Design and Construction of a Belt-Assisted Vertical Extrusion Based Fused Deposition Modeling 3D Printer for Automated Part Removal

Abstract

Abstract In recent years, Fused Deposition Modeling (FDM) has become one of the most used three-dimensional (3D) printing processes because of its cost effectiveness and universal approach towards user-friendliness. FDM uses a layering process to build 3D models layer-upon-layer using a varied range of materials from thermoplastic to pharmaceutical materials. However, FDM has a considerable number of challenges to overcome, especially for its use in line production. One possible solution for a more line-production friendly FDM process could be the use of a continuous moving build surface, similar to more conventional line production processes. In this paper, we propose a customized FDM 3D printing system with a moving belt-style build surface and kinematics that allow layers to be printed parallel to the build surface.
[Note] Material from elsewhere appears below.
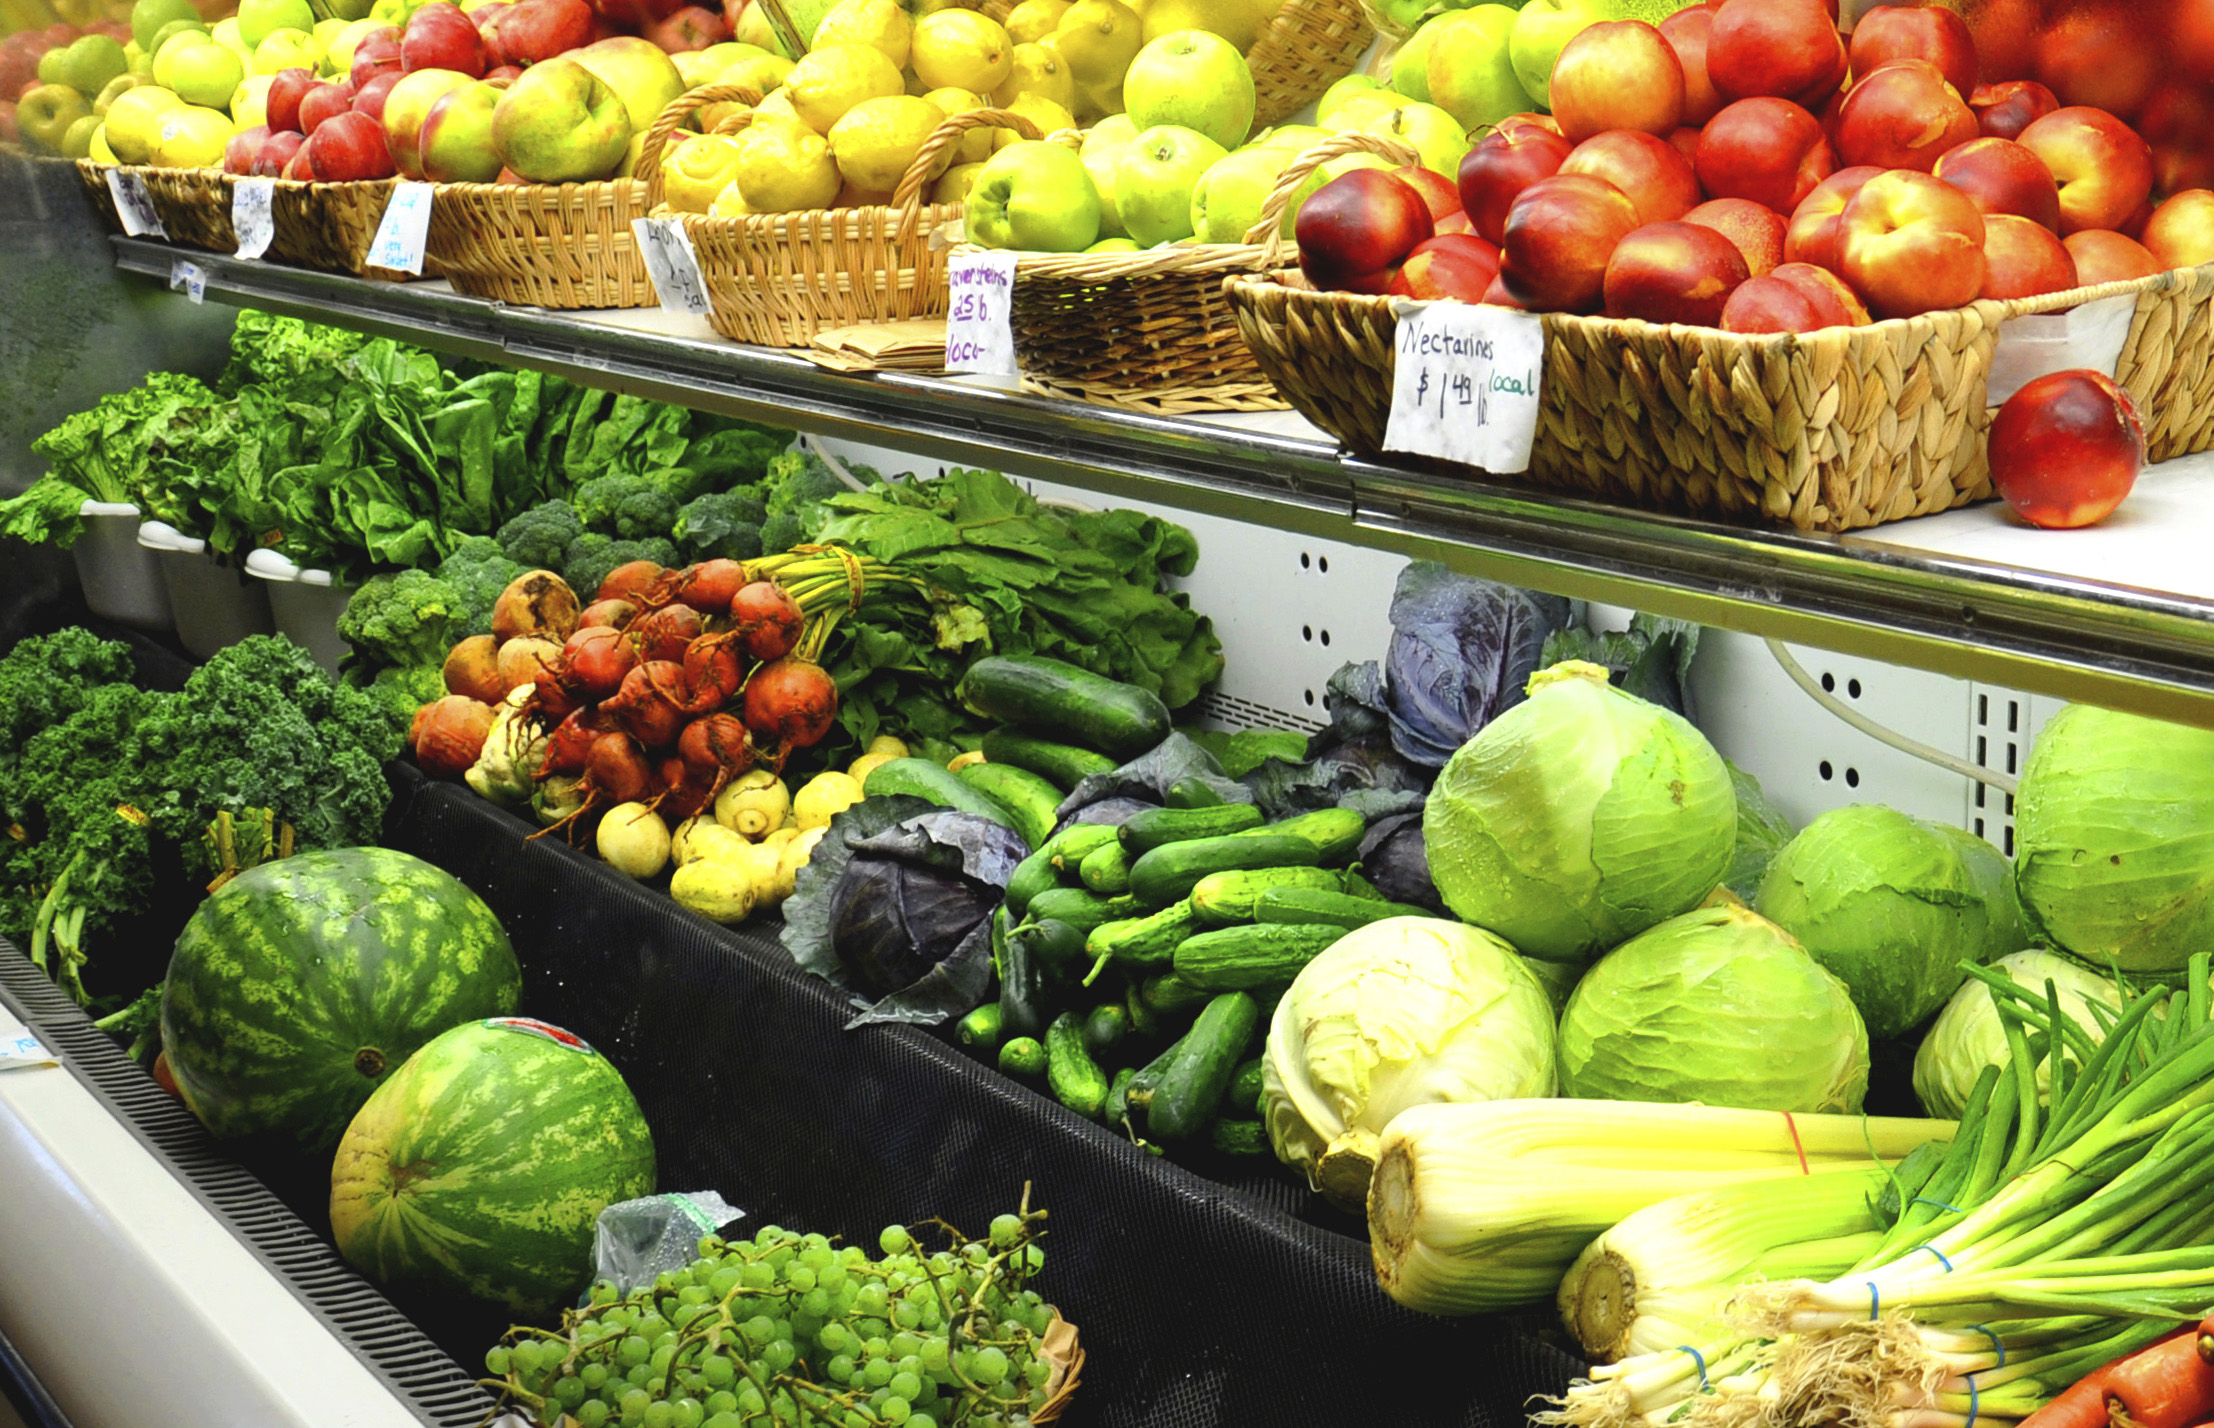 Economic influences on food choice

Unlike other existing belt-FDM systems, the developed FDM printer will deposit filament perpendicular to the bed, allowing the user to utilize conventional 3D printing slicing software, depend less on support structures, and design parts in a traditional manner. Moreover, after completion, these parts can be ejected automatically to allow repeated prints without human intervention, making the printing process faster and more cost-effective. A belt-assisted vertical extrusion based FDM prototype 3D printer has been designed, constructed, and then tested to gain experimental data on continuous 3D printing using thermoplastic polymers as a printing material. Results of testing and experimentation verified certain key design elements and how they could improve continuous printing and automated 3D printed part removal. Experiments also revealed how nozzle temperature, bed temperature, and the moving speed of the nozzle introduce challenges not seen in traditional FDM printers with static beds.